Константин Сергеевич не знал, сколько он пробыл в отрешенном состоянии. Но вот он снова ощутил подушку, одеяло. Спокойно, Константин, сказал он себе, возьми себя в руки. В сущности, ты готов. Вчера были все из лаборатории, утрясли почти все вопросы с изделием 0613/б. Разве оно не детище последнего пятилетия твоей жизни? Что еще? Завещание, слава богу, не писал, делить особенно нечего, сами разберутся, а вот списочек телефонов Свете оставил, ну некоторых некаждодневных друзей, однокашников по институту и тех, кто может не узнать обо мне первые 2-3-9 дней. Интересно, Светка поняла, что за список я ей оставил? Наверное, не поняла, она какая-то спокойная.

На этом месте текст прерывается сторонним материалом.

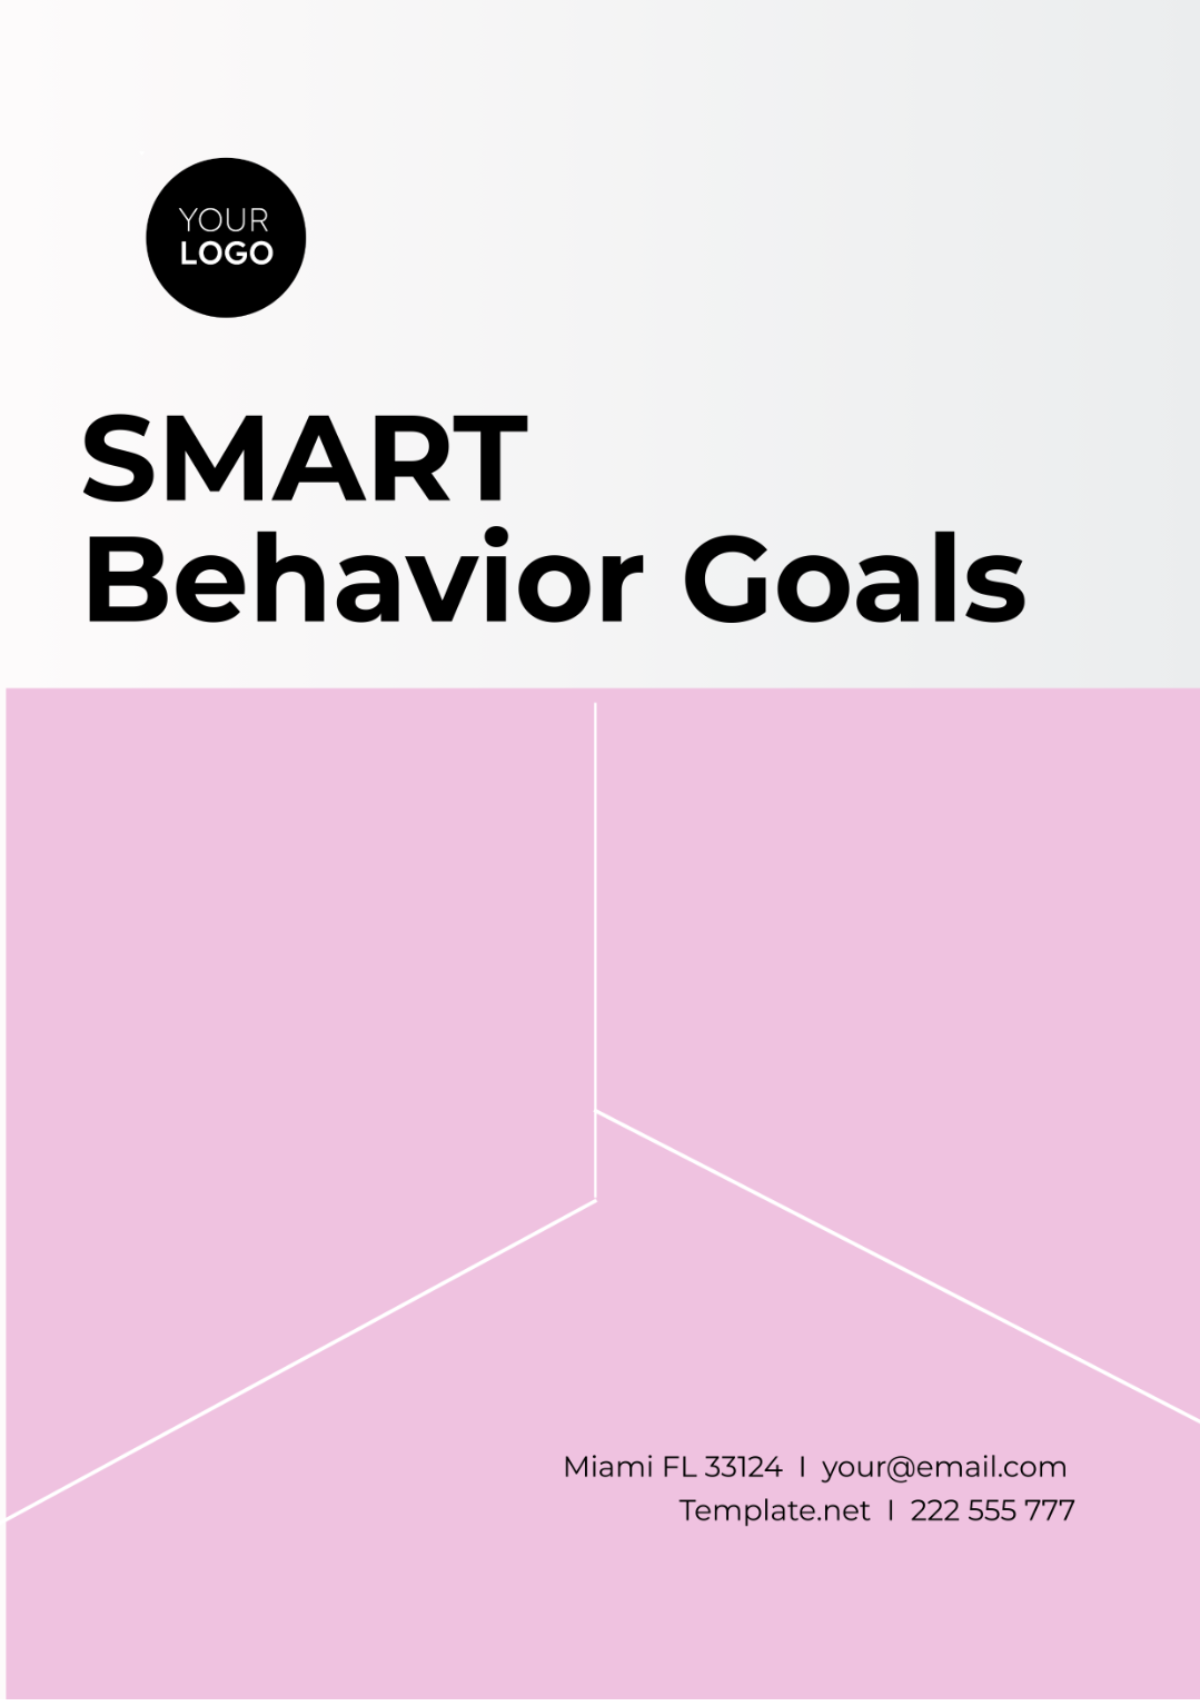 SMART Behavior Goals Template

Это хорошо.
Ему захотелось домой, к ней, он без труда исторгнул из своей головы легкий шарообразный сгусток, который можно было бы назвать его самосознанием, и дал ему ход, сообщил движение; тот невысоко взмыл, завис над кроватью и медленно полетел к форточке. Дальше дело пошло веселей: невесомый сгусток пронесло над крышами больничных корпусов, у сквера пришлось обогнуть тополь, затем он снизился над трамвайными путями на уровне окон вагона и по маршруту 32-го с молниеносной быстротой, обогнув один запоздалый (или ранний) трамвай, долетел до депо, там снова взмыл над крышами домов, нацелился на знакомую коробку и причалил к светившемуся кухонному окну на шестом этаже. Завис. Она была дома. Она была в халате, в том, любимом, стояла у плиты, варила что-то, вслепую мешала ложкой в кастрюле, уткнувшись в книгу. Стукнулся неосторожно о стекло, этим напугал ее. Она невидяще всмотрелась в темноту, глаза ее от страха сильно косили, она отложила книгу. Стало неловко, пустился в обратный путь, по прямой, без разбора, несколько мгновений — и зрячий невидимый сгусток уже влетал обратно в палату… Точкой завис над собственным изголовьем. И сразу отяжелело. Вернулось тело, тяжесть. Заплечье точно слоями отходило от намятой несвободы, мышцы расправлялись, как с легким треском и шуршанием расправляется быстро и туго скомканный бумажный лист.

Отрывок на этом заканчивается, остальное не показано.